I am working on implementing CDC (Change Data Capture) which will use Azure Sql as the source and Azure Databricks delta lake as the target.
Azew Sql creates CDC tables with a very specific column names which include special characters: “__$start_lsn” is being one example.
I am having problems executing the following PySpark / Delta “MERGE” statement:
MERGE INTO poc_table_2 AS target
USING cdc_data AS source
ON target.last_processed_lsn = source.__$start_lsn
WHEN MATCHED AND source.__$operation = 1 THEN DELETE
WHEN MATCHED AND source.__$operation IN (3, 4) THEN UPDATE SET *
WHEN NOT MATCHED THEN INSERT *
In this context, the “source” refers to the Azure Sql cdc table, which I cannot change.
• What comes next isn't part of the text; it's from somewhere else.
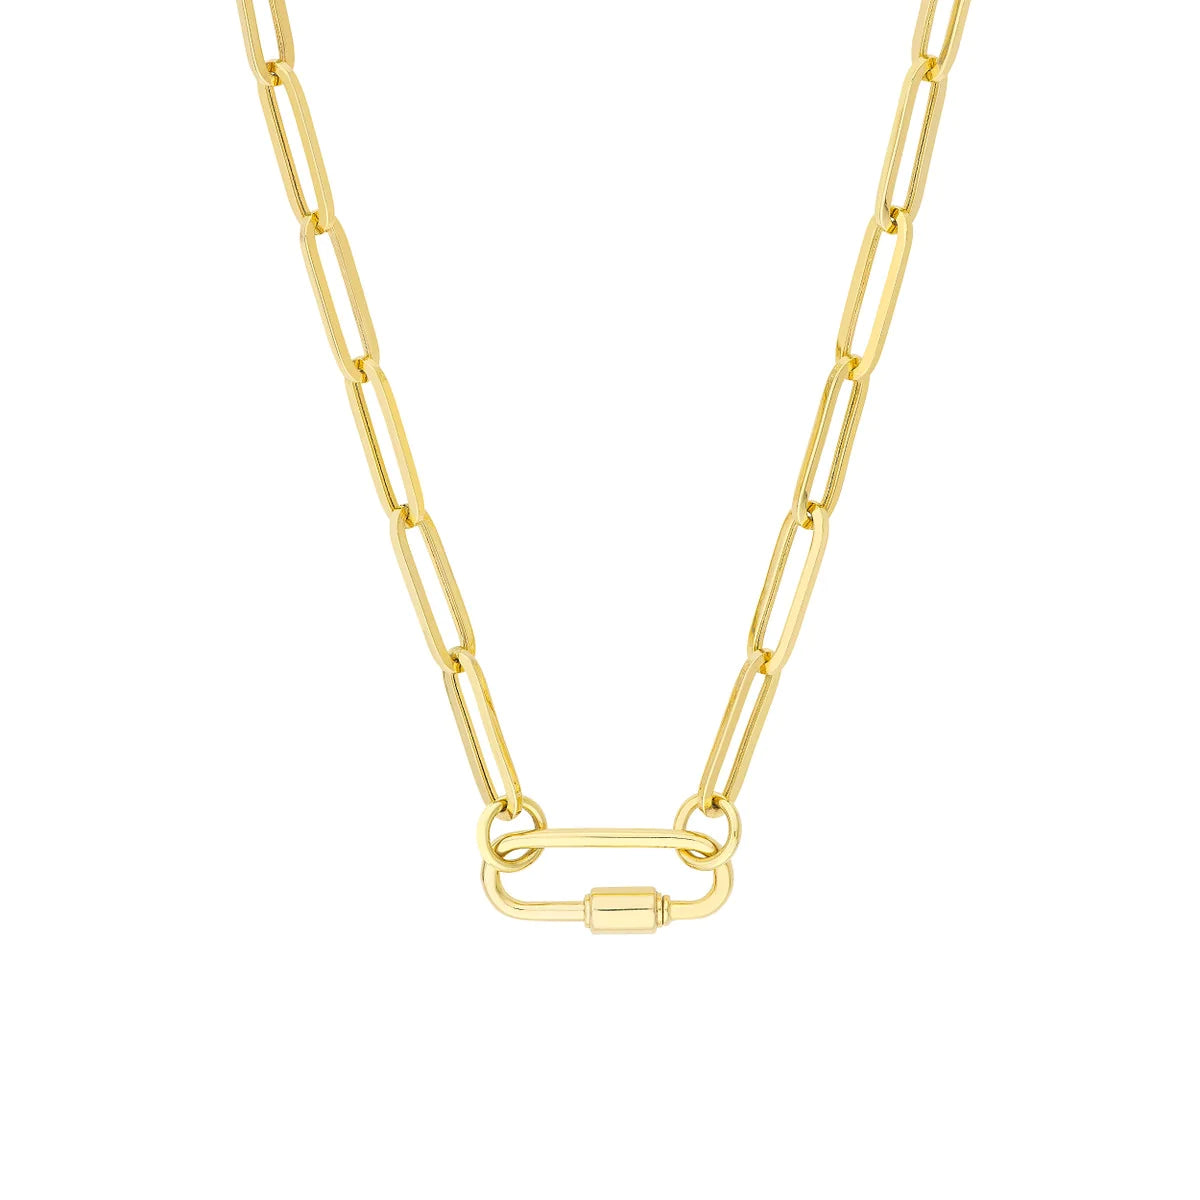 Yellow Gold Carabiner Lock Pendant - 14k Ribbed Clasp Opens Italy

When I run this statement I get this error:
[PARSE_SYNTAX_ERROR] Syntax error at or near '$'. SQLSTATE: 42601
File <command-1987778677957359>, line 40
30 merge_query = """
31 MERGE INTO poc_table_2 AS target
32 USING cdc_data AS source
(...)
36 WHEN NOT MATCHED THEN INSERT *
37 """
39 # Execute the merge query
---> 40 spark.sql(merge_query)
42 # Update the last processed LSN
43 last_lsn = cdc_data.agg({"__$start_lsn": "max"}).collect()[0][0]
I have tried using single and double quotes around the column names, but it does not work. When I use quotes, I get a slightly different error:
[PARSE_SYNTAX_ERROR] Syntax error at or near '"__$start_lsn"'. SQLSTATE: 42601
How do I get around this issue?